The harnes didn't ride too low on his rumen? That was I was concerned about. I should just take my doeling into PetSmart and try one on her LOL I bet that isn't something they see every day 

PS Her daddy was either a Togg or a Pygmy. Crazy combo huh? She looks like a Pygmy. Her HUGE Twin brother looks like a Tog. Mom is a Pygmy / Boer cross. They are the cuttest mutts EVER though (No I didn't breed them that way. I bought Mom not knowing she was breed)


----------



## RockyToggRanch

Nope. It fit him right around his ribcage. It's not like you'll be lifting him up with it. Picture him pulling fwd against a neck collar. With a harness the weight was distributed across his chest and shoulders.

I would not hesitate to take her to Petsmart for a fitting...that sounds like a fun trip


----------



## Greendecember

RockyToggRanch said:
			
		

> Nope. It fit him right around his ribcage. It's not like you'll be lifting him up with it. Picture him pulling fwd against a neck collar. With a harness the weight was distributed across his chest and shoulders.
> 
> I would not hesitate to take her to Petsmart for a fitting...that sounds like a fun trip


You are an instigator!

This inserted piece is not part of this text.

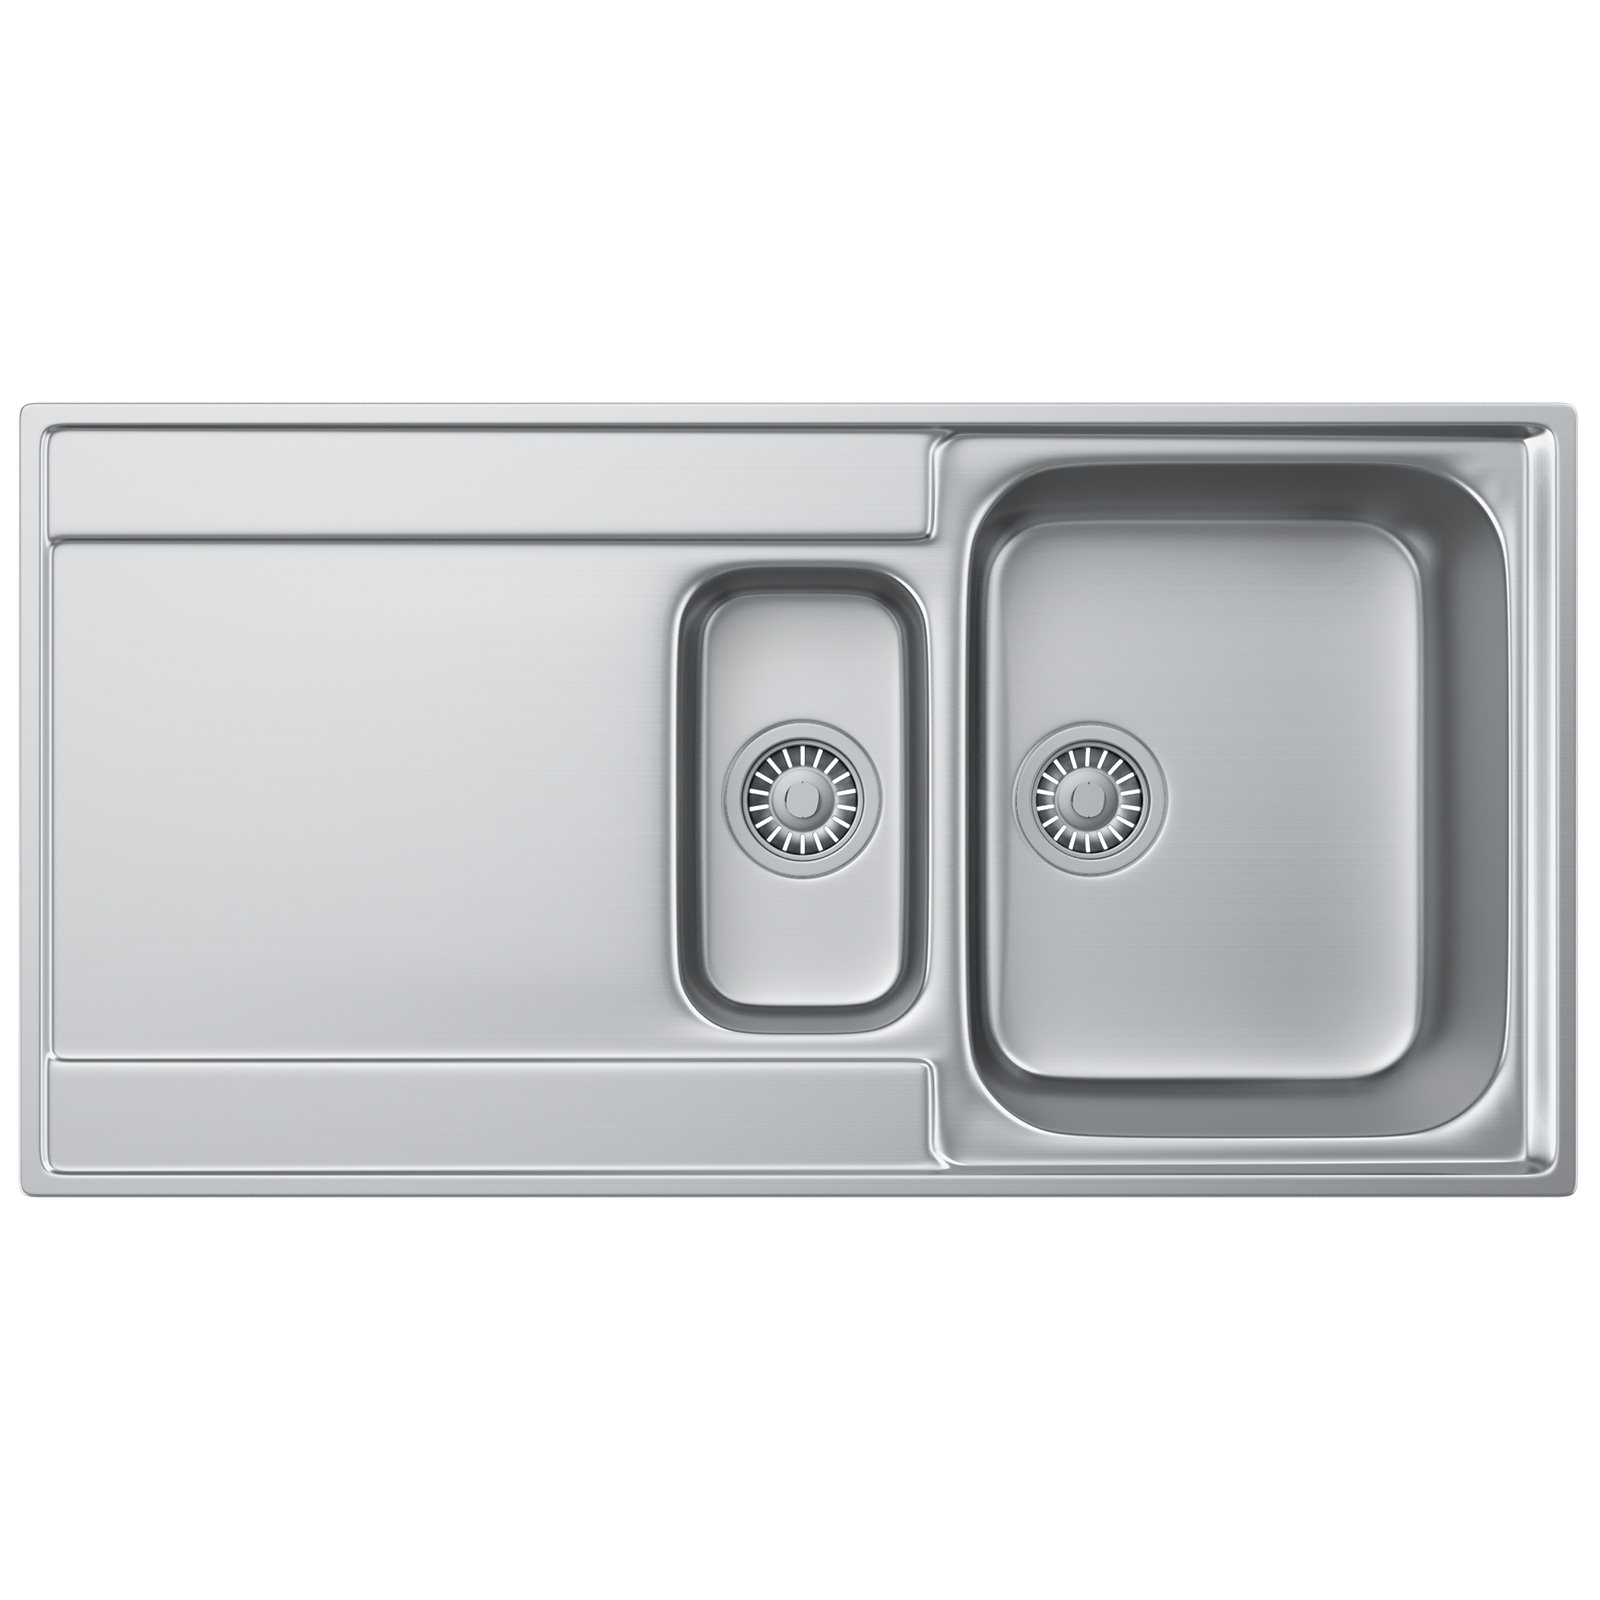 Franke Sink Tops : Franke Maris Slim-Top MRX 251 Stainless Steel 1.5 Bowl Kitchen Inset ...
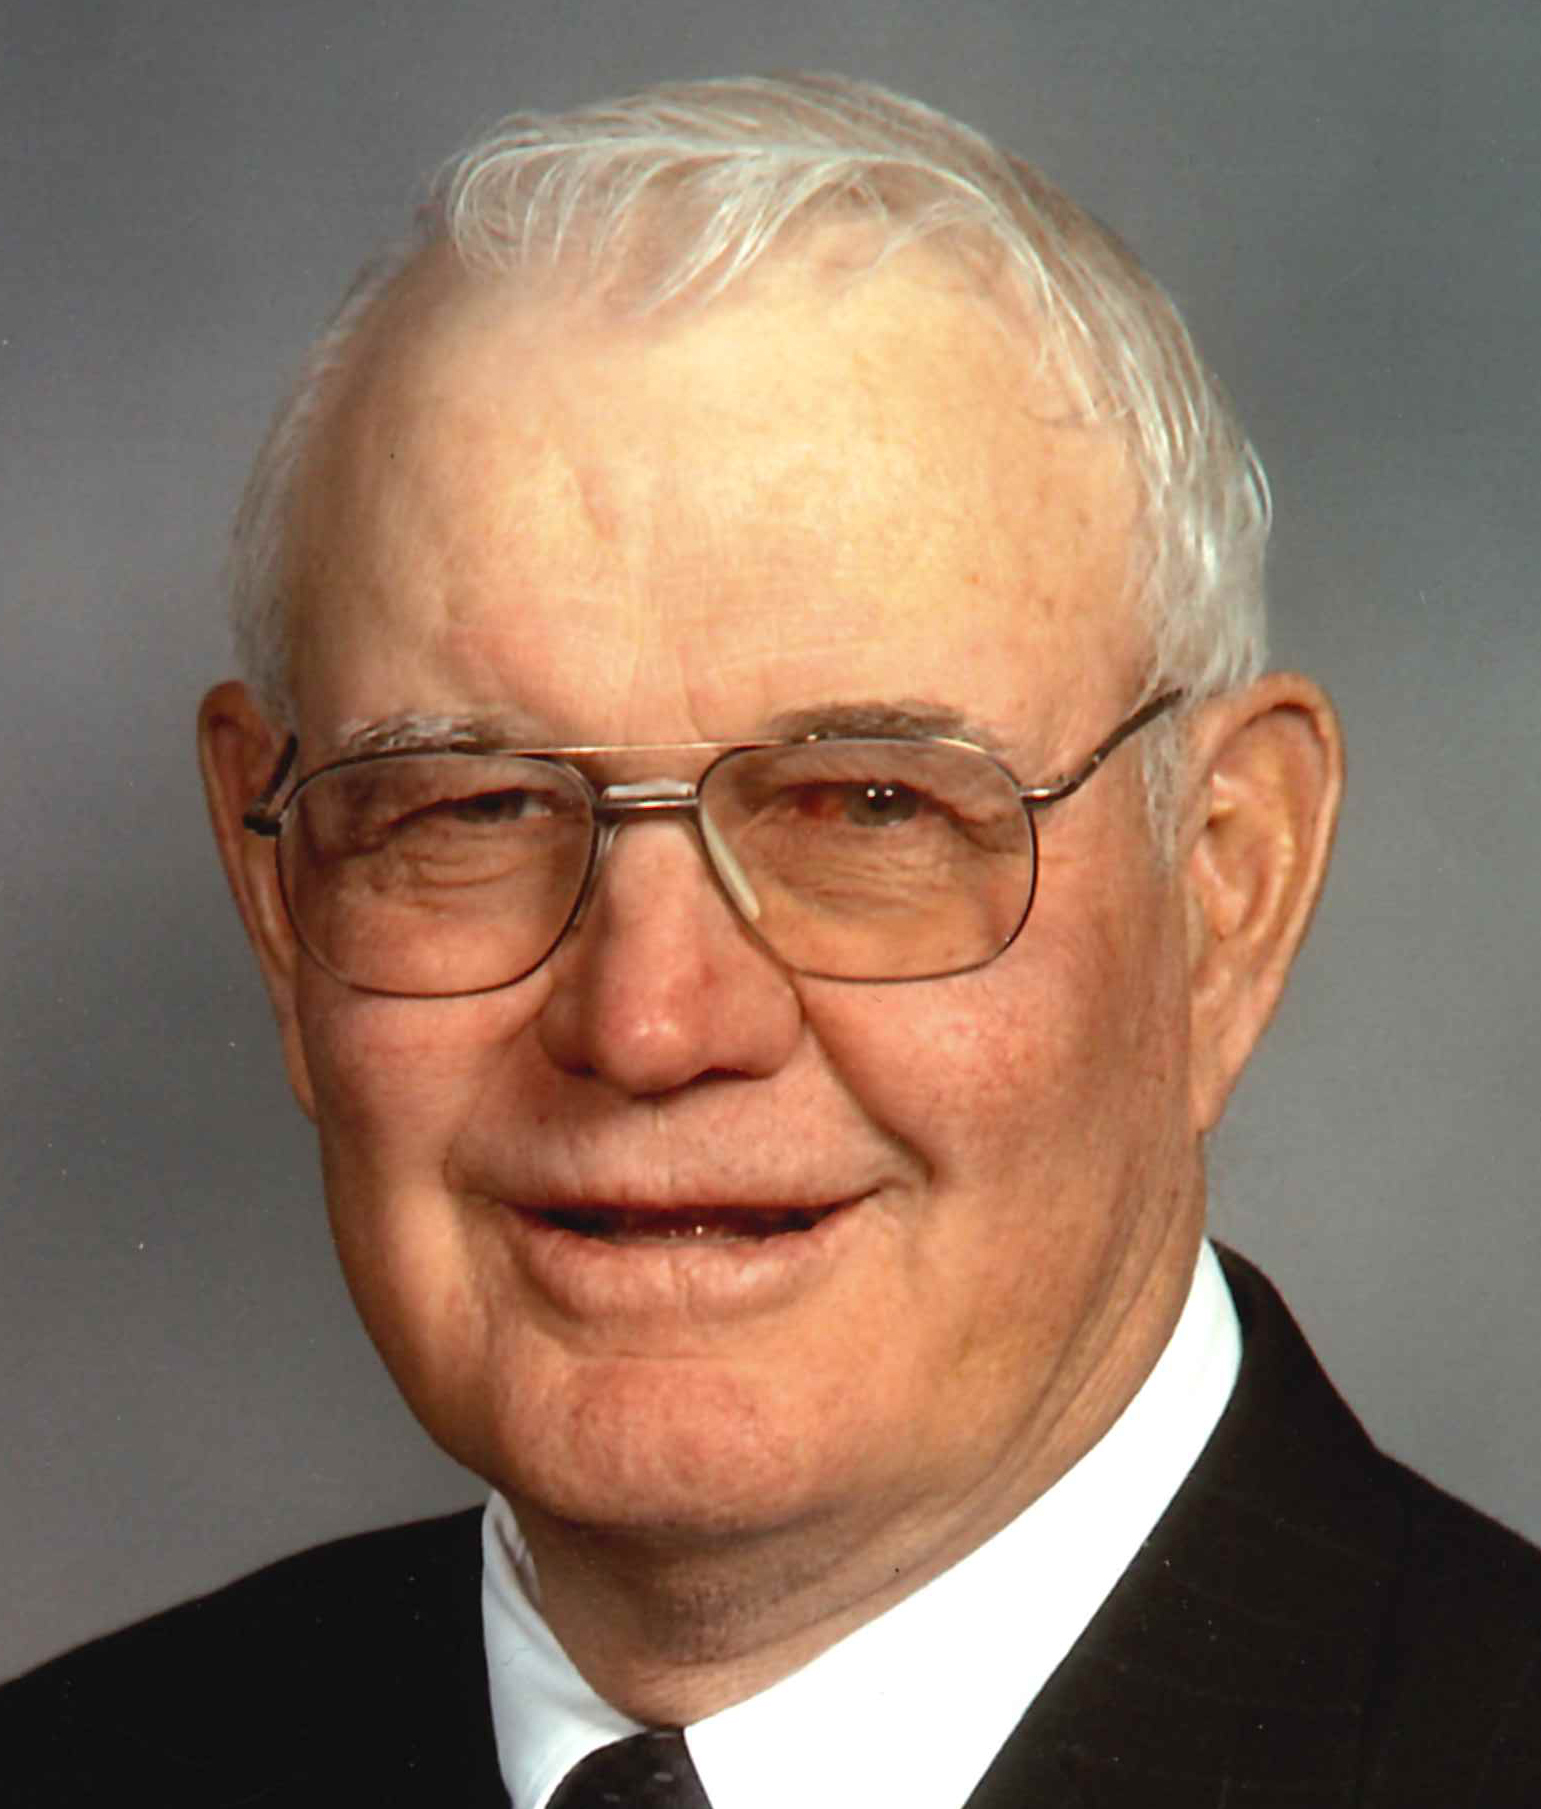 Gary Gearo Peterson, 84 years of age, of rural Bertrand

LOL I shoulda took her with me today to get worms for the chicks. Oh well I'll just have to go back now huh? lol


----------



## RockyToggRanch

I've tolerated many ugly dogs while shopping...why not a cute goat?


----------



## Greendecember

RockyToggRanch said:
			
		

> I've tolerated many ugly dogs while shopping...why not a cute goat?


LOL I think I love you!


----------



## elevan

I used a dog harness when I had to take Snickers to the vet.  Worked fine...but I had to wash it after because I borrowed it from my basenji and he wasn't too pleased with the goat smell on HIS harness!


----------



## Greendecember

elevan said:
			
		

> I used a dog harness when I had to take Snickers to the vet.  Worked fine...but I had to wash it after because I borrowed it from my basenji and he wasn't too pleased with the goat smell on HIS harness!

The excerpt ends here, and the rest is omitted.